# Chi clothes from baby clothes?



## loupey (Oct 1, 2013)

Had a passing thought whilst in tescos... has anyone tried making clothes from baby clothes? If so, what size do you go for? 

I was thinking you can take the back in to ge the arm holes in the right place.


I'm asking before I try as last time I had to sew was a part of my skirt in high school some 5 or 6 years ago so I'm a Newbie at best so I thought maybe some of you could give me a yay or nay


----------



## AnnHelen (Nov 29, 2010)

If you can make something out of it, why not  I often give cute baby clothes fabrics to my friend to make cute harnesses from


----------



## SarahJG (May 25, 2013)

I made a t-shirt for Florrie from a baby-gro I got from a charity shop. I unpicked the whole thing, though, and then used the fabric and trim to make up a pattern I found free on the internet. You're thinking more along the lines of modifying an existing garment, aren't you?


----------



## lilbabyvenus (Feb 8, 2009)

I think there used to be a modification pattern on the forum somewhere. I know people do this! And the results are very cute


----------



## loupey (Oct 1, 2013)

Ye I'm thinking of just modifying an existing garment. Going shopping tomorrow so I'll have a looky!


----------



## Lisa T (Sep 3, 2010)

I'll tell you what does make good Chi clothing.......build a bear clothes. X


----------



## loupey (Oct 1, 2013)

Ooooh what a fabulous idea! !! There's a bear factory at my shopping centre. Whoop whoop!


----------



## michele (Jan 12, 2009)

When Lily was spayed ,i got a baby grow cut the legs off,made a hole for tail do the poppers up underneath their tummy .It's great if they have stitches ,much nicer than the collars you get from the vet


----------



## Javier'sMommy (Jan 20, 2013)

I used baby onesies when Javier was younger & just cut a hole for his tail. He wore one to the vet & as they always do when my babies are in there, they oohed, aahed & gushed about how cute he was & had to make sure everyone in the office saw him. 

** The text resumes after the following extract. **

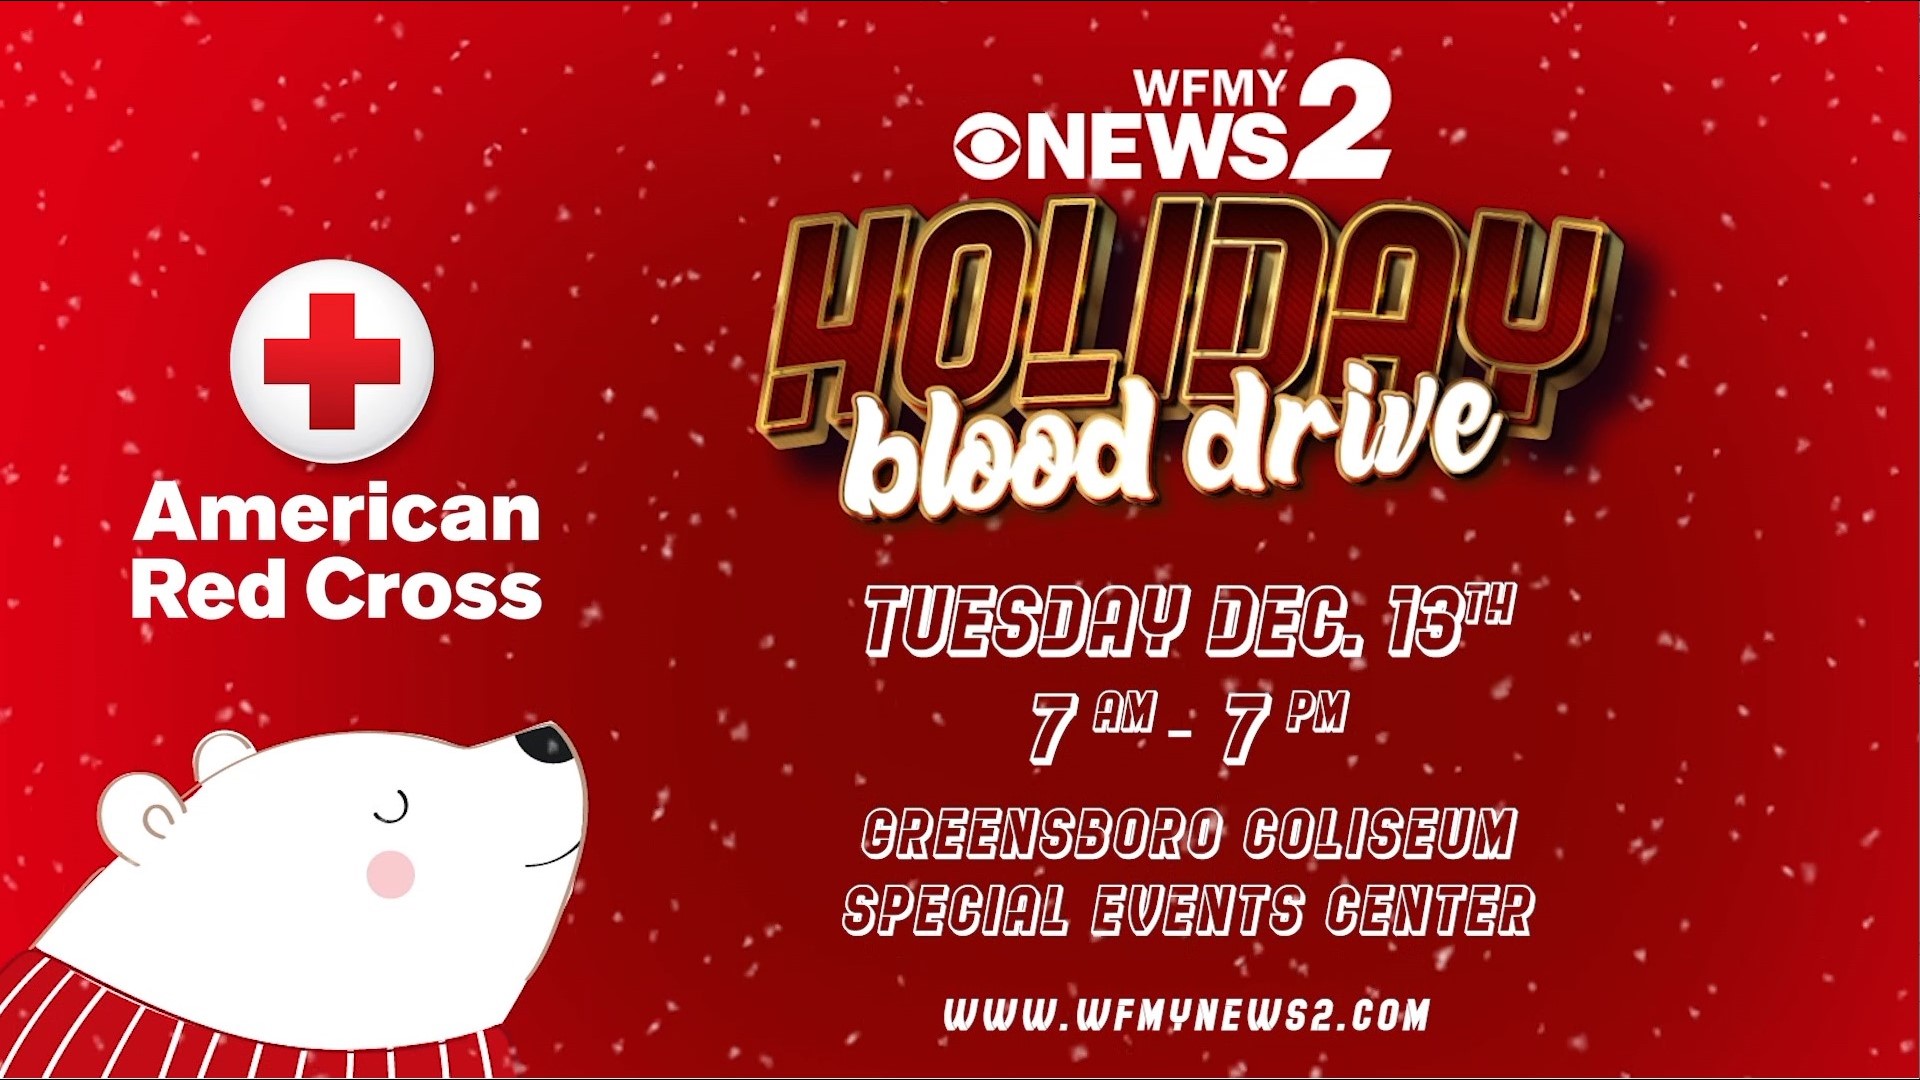 The WFMY News 2 Holiday blood drive is happening Tuesday, Dec. 13 at the Greensboro Coliseum Special Event Center.
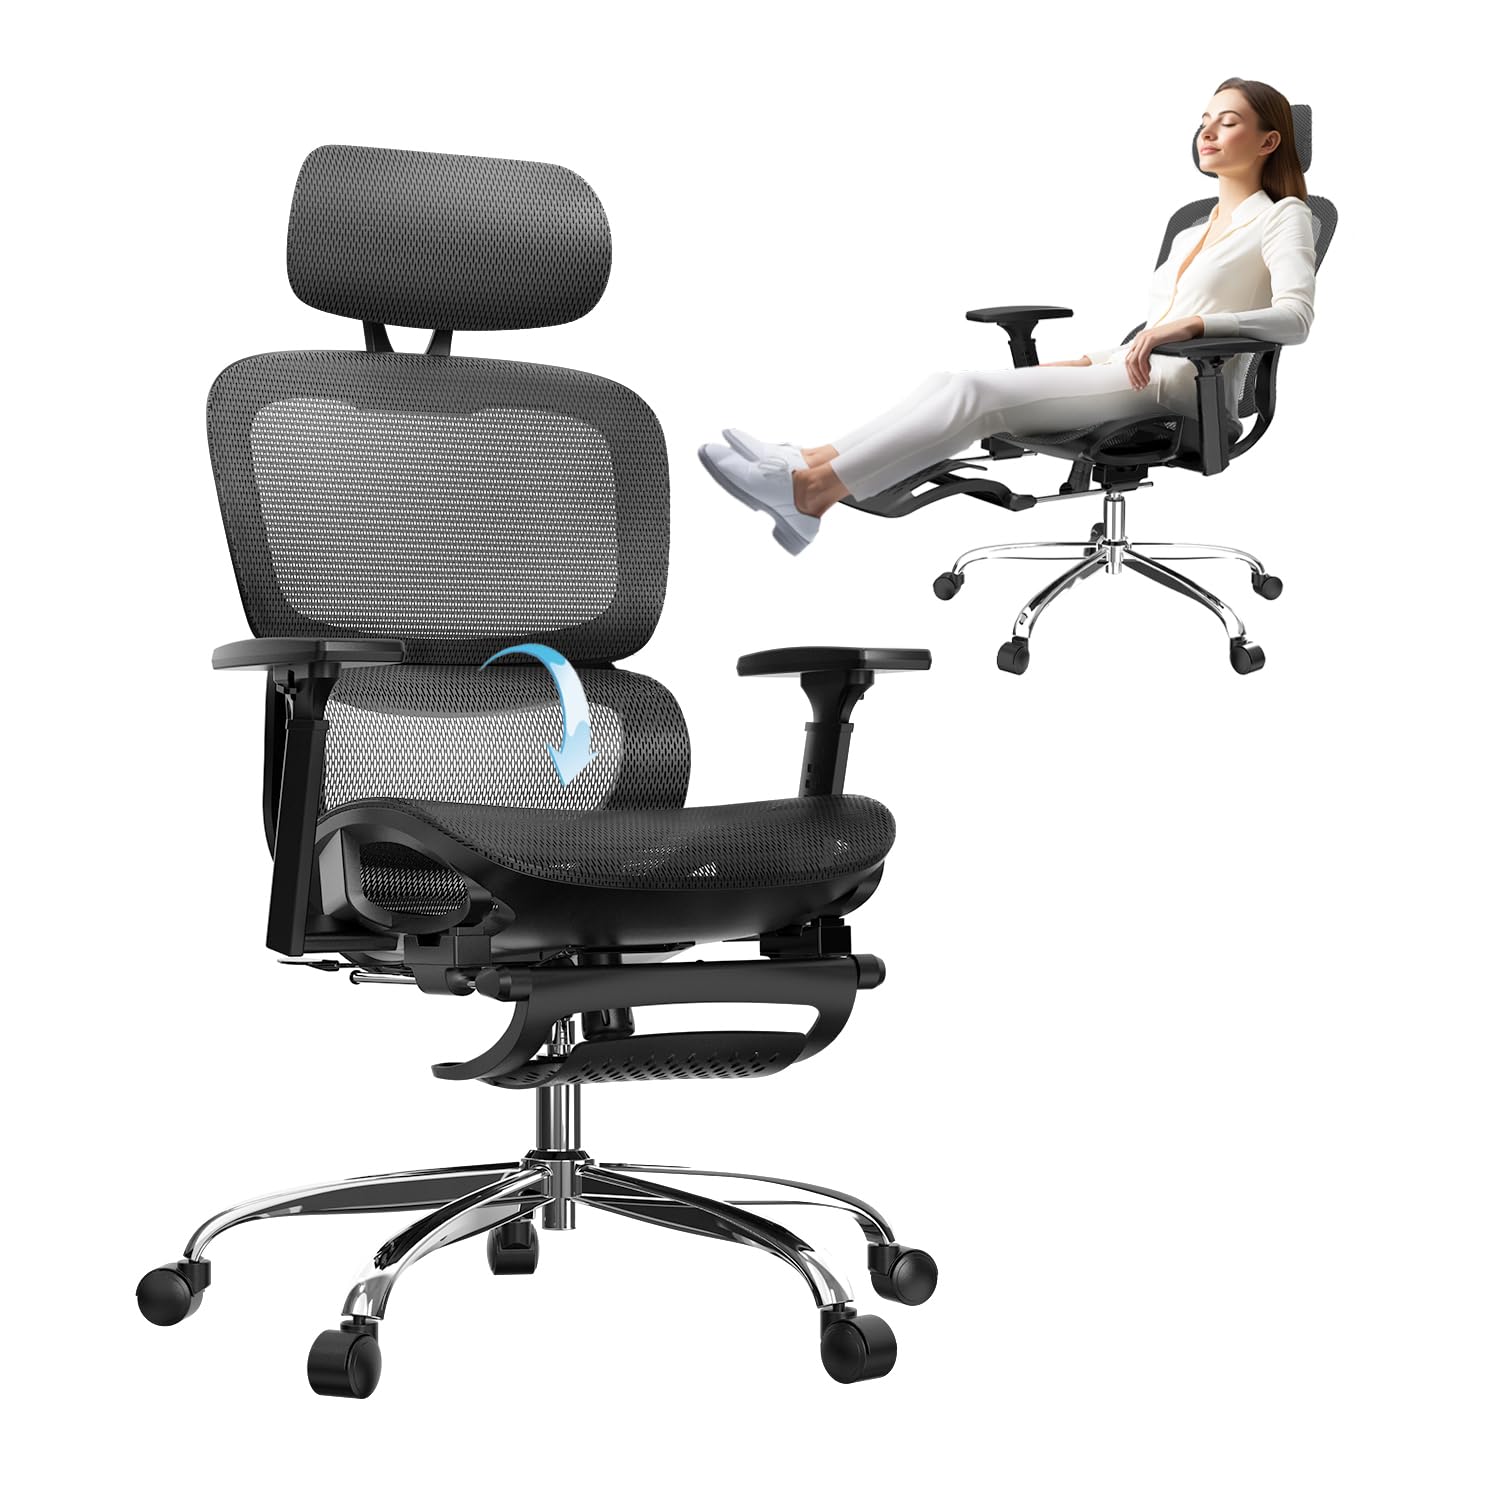 Chairs That Have Your Back: Lumbar Support Office Chairs Reviewed

I'd read somewhere about Build-a-Bear & drug my hubby in there to look & even though I found plenty I wanted to buy, I only bought 2 pair of satiny panties for Francesca to wear with a couple of dresses. We only go to the mall twice a year, usually to have our wedding rings cleaned & inspected, but I might have to make a special trip to Build-a-Bear again. 

Sent from Petguide.com Free App


----------



## Ghis+Milo (Jan 28, 2013)

I would def recomd this.. I had a blast hand sewing Coco's dress from a baby shirt I believe it was size 4 mnths... And I will continue to use baby clothes hihi... 
Just try and measure with the chi clothing you already have...


----------



## coco_little_bear (May 30, 2012)

I was thinking of doing this too. Every time I go to charity shops, I see all those cute baby clothes for really cheap and this always crosses my mind.


----------



## Jayda (Jun 15, 2012)

What a great idea. I have no talent in this area but if you can make something please post a picture or two. There are so many cute baby things out there!


----------